Итак, 13 августа2 в Берлине. На мой взгляд, у берлинцев не было полномочий, но западные власти могли бы поручить берлинской полиции воспользоваться брандспойтами, по твоему совету. Мне он кажется выдающимся. Все замерли от ужаса, в том числе и Кеннеди.
Хольтхузен – друг Пипера. Пипер должно быть знает, о чем ты пишешь.
Привет Генриху. Напишу ему вскоре.
Сердечно
Карл
Гертруда напишет завтра
7 ноября 1961
Дорогая Ханна!
Я оставил письмо на ночь. И попытался с медицинской точки зрения обдумать опасность, которой Вы подверглись. Вопросы, на которые действительно нужно найти ответ, не могут разрешить даже врачи. Но следует быть готовым к тому, что подобное неслучайно и может повториться.
Я думаю: когда остановилось кровотечение? То есть когда свернувшаяся кровь закрыла аневризму? Сколько крови успело свернуться, насколько велико «кровяное новообразование», давление которого вызывало такую страшную боль? Улучшение состояния может быть связано и с резорбцией крови, когда кровотечение прекратилось… Вопросы возникают один за другим, а врачи выслушивают их с недовольством, потому что не могут дать ответ.

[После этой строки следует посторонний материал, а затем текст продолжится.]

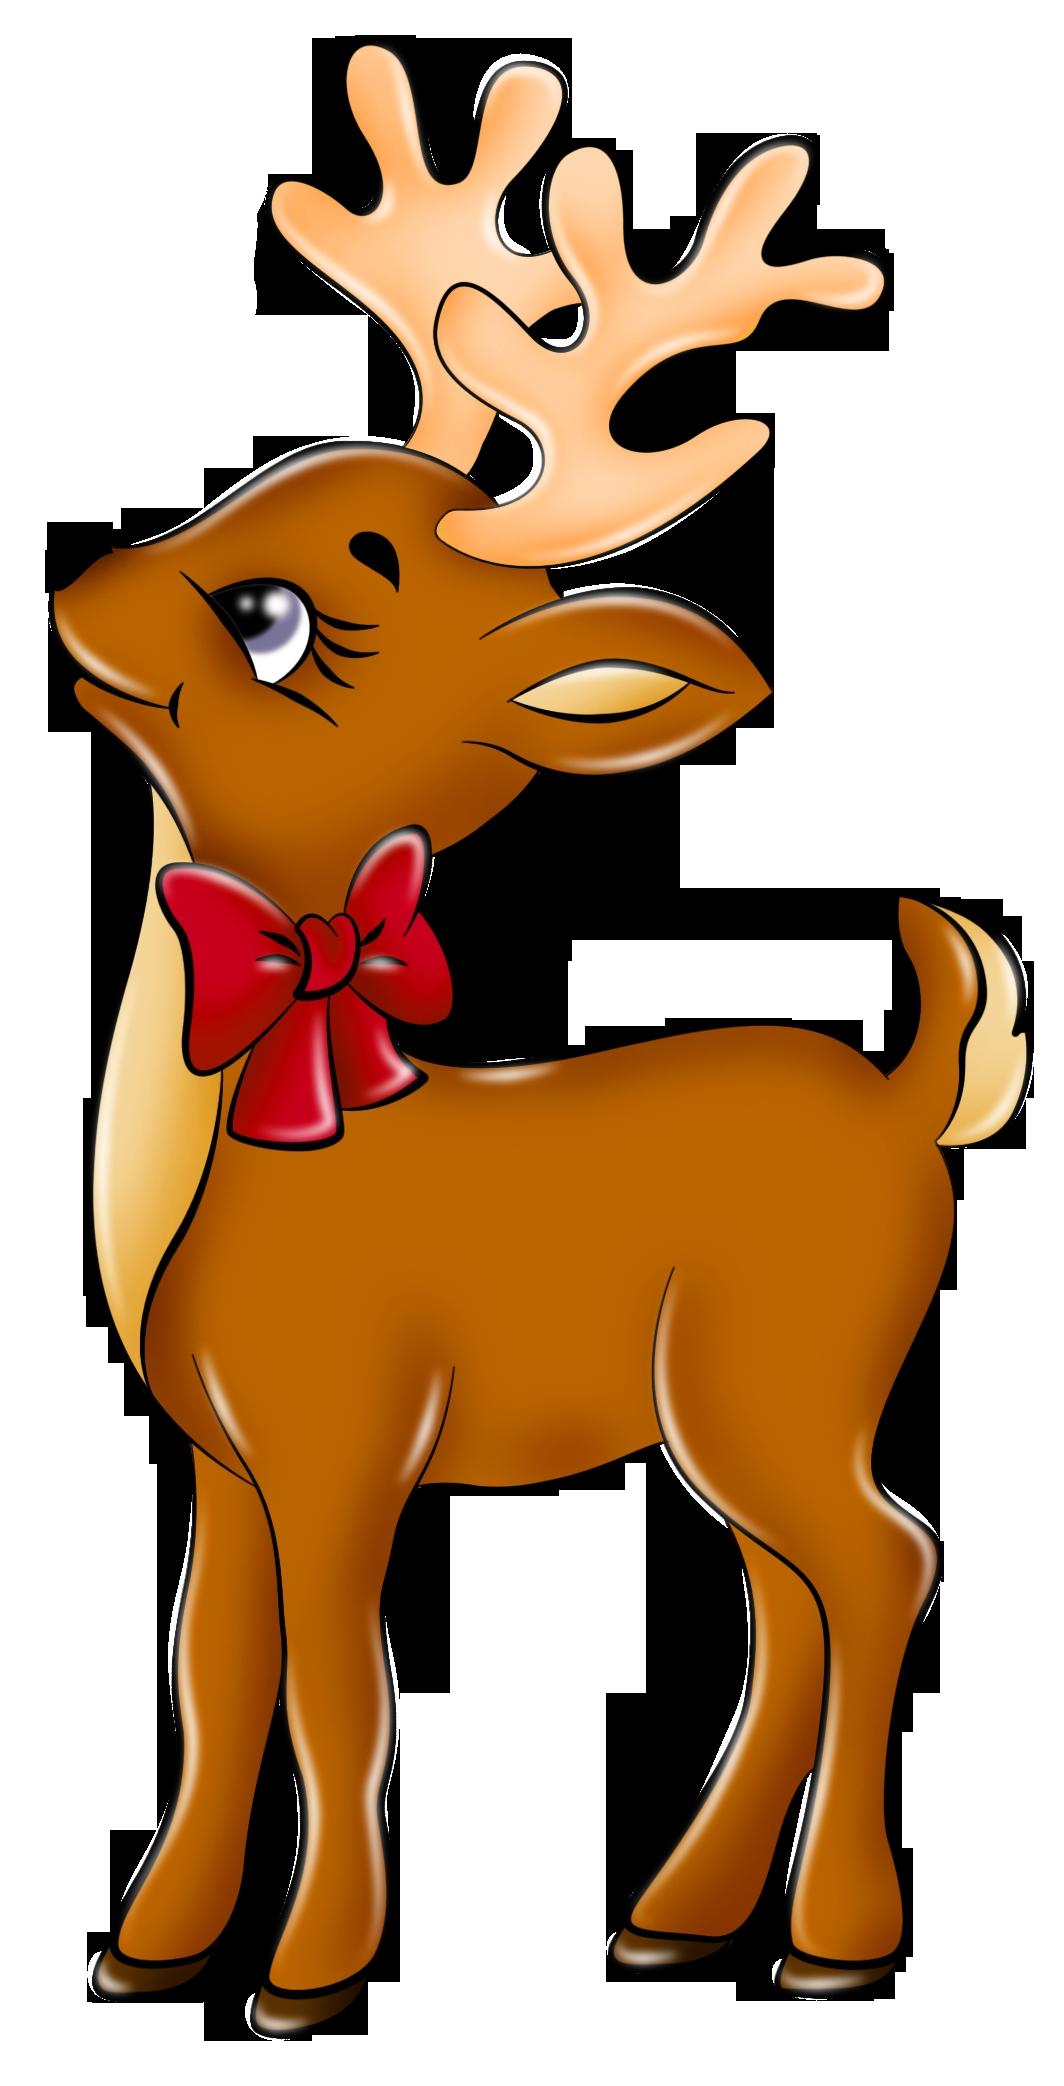 1064x2086 Fresh Reindeer Clipart Design

Но теперь: если снова проявятся симптомы возобновившегося кровотечения, Вы знаете, что делать: постельный режим и совершенный покой, расположить голову повыше, избегать повышения кровяного давления (дефекация при помощи клистира) и возможно воспользоваться медикаментозными препаратами, о которых Вы, вероятно, знаете лучше нашего (адреноксил или другие, повышающие свертываемость крови медикаменты). Кровотечение, которое пережил Генрих, очевидно, было не сильным. Вероятно, когда он обратился за медицинской помощью, оно уже остановилось. Причина быстрой поправки в резорбции крови, благодаря которой понизилось давление. Когда я задумываюсь об этом, становится гораздо страшнее, хотя теперь в опасениях уже нет никакого смысла. Продолжительный покой необходим, как из-за пережитого давления на мозг, так и из-за рубца, который должен полностью затянуться.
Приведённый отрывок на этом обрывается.